Search the data below for the word "фото" and copy each line that holds it.

Stored entries
▶
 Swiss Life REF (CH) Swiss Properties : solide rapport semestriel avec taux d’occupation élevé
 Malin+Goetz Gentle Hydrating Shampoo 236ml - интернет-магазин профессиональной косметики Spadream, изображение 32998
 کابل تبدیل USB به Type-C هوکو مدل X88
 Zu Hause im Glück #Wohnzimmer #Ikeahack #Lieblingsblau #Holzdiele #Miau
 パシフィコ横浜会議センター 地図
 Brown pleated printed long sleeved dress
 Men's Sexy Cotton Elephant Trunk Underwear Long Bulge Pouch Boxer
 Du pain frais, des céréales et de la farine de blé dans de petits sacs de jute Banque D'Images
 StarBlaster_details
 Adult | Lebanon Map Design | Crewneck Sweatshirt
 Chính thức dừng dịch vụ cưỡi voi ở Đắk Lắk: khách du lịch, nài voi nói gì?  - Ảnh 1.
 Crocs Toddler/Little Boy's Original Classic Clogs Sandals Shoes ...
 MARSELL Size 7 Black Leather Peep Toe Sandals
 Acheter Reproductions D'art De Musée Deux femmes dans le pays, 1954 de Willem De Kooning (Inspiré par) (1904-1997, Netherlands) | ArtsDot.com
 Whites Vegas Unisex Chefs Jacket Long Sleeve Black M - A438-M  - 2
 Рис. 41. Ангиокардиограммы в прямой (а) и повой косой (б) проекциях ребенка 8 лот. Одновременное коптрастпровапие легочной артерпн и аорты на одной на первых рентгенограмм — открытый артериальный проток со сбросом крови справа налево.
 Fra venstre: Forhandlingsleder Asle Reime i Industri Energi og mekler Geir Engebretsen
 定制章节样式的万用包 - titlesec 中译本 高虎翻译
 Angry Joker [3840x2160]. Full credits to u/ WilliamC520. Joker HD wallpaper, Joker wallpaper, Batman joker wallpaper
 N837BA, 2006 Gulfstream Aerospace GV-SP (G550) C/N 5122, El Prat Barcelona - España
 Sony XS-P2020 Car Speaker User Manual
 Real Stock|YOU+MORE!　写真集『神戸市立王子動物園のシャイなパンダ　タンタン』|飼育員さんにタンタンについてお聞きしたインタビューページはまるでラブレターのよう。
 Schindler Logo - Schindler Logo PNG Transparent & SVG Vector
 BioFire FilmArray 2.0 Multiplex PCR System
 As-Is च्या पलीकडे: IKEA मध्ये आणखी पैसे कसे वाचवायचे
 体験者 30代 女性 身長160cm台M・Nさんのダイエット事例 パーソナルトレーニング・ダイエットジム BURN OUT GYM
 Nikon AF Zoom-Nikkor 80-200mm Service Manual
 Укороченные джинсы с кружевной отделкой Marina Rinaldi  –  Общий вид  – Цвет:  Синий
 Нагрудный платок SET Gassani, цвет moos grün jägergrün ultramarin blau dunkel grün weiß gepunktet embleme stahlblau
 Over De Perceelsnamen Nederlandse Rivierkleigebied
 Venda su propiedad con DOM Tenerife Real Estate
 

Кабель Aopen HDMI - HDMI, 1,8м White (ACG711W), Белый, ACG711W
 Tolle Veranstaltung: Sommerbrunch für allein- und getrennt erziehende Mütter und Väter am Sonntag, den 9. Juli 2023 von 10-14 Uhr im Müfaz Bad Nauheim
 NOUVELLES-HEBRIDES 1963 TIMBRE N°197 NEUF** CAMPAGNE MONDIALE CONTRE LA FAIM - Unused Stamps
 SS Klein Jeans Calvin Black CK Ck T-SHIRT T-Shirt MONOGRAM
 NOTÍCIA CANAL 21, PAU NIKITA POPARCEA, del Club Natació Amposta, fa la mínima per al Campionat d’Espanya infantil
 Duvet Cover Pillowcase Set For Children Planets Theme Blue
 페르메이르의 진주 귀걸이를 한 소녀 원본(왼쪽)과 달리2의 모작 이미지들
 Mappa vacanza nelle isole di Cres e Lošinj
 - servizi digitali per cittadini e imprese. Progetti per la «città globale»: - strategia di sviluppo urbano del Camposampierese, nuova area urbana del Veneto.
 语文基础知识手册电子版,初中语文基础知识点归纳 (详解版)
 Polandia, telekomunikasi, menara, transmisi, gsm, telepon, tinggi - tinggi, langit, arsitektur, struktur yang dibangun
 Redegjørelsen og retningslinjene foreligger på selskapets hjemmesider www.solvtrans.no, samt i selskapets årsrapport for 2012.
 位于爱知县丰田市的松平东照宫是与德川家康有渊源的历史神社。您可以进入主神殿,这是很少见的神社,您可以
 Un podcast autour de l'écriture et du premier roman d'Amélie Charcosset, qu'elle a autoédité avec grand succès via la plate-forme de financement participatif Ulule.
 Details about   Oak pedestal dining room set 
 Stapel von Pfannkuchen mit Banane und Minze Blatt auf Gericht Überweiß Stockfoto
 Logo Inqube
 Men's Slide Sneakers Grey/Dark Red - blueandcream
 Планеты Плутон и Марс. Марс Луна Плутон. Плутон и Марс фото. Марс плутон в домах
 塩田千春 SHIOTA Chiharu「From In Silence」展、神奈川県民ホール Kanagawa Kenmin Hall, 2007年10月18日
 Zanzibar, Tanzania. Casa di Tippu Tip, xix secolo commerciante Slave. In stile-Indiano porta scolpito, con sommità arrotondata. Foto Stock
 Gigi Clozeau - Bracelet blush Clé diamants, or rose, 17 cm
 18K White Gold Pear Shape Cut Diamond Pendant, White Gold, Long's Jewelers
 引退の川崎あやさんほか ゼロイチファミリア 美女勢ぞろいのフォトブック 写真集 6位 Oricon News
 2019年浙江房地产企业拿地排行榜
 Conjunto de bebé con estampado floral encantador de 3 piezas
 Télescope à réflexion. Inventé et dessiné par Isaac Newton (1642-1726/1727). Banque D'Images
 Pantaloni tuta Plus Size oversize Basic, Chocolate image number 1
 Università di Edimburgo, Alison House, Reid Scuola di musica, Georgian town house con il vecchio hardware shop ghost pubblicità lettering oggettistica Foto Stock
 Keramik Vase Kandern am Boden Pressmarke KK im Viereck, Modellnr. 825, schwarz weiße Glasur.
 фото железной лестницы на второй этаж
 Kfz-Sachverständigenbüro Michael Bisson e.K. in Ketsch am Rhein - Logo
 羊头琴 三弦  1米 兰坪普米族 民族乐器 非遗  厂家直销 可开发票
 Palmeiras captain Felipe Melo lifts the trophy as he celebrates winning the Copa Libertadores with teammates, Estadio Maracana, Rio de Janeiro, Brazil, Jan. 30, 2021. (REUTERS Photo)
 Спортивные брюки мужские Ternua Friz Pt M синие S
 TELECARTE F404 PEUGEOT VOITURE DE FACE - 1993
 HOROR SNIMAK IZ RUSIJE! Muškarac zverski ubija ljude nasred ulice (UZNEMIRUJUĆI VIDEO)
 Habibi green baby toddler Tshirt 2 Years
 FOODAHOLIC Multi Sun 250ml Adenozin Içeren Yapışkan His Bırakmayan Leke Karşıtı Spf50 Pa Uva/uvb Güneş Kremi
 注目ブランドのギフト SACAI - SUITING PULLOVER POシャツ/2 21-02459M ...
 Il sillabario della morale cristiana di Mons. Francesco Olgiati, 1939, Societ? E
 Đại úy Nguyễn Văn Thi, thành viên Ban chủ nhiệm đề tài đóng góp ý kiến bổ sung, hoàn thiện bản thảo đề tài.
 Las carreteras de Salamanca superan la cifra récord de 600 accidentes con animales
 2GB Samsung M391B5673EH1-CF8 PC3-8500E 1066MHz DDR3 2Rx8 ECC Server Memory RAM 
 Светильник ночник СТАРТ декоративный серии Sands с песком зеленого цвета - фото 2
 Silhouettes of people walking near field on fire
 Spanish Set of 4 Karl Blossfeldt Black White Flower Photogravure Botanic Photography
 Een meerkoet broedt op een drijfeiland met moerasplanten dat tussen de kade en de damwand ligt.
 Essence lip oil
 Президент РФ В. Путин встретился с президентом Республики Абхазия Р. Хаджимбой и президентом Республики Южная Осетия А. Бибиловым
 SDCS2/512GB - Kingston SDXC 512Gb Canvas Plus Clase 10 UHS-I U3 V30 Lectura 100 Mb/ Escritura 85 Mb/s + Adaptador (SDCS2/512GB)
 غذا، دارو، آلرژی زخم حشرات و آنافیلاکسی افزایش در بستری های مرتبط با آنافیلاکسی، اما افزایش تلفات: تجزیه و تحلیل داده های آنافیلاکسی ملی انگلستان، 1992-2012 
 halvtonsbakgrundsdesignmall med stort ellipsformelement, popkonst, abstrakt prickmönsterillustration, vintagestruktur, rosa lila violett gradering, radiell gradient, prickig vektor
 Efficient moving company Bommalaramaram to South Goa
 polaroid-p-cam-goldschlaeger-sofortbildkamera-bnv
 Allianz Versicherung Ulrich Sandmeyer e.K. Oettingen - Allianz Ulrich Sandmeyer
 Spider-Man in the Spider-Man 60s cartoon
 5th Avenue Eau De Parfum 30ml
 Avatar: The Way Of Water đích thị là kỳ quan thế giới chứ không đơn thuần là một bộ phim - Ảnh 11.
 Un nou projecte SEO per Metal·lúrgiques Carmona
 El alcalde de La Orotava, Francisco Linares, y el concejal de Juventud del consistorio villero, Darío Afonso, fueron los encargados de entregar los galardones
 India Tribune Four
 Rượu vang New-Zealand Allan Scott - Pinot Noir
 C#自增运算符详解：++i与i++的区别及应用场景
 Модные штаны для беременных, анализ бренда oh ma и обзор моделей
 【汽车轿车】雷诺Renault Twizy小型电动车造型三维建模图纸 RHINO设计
◀
Response for this exercise
 Планеты Плутон и Марс. Марс Луна Плутон. Плутон и Марс фото. Марс плутон в домах
 фото железной лестницы на второй этаж
 Светильник ночник СТАРТ декоративный серии Sands с песком зеленого цвета - фото 2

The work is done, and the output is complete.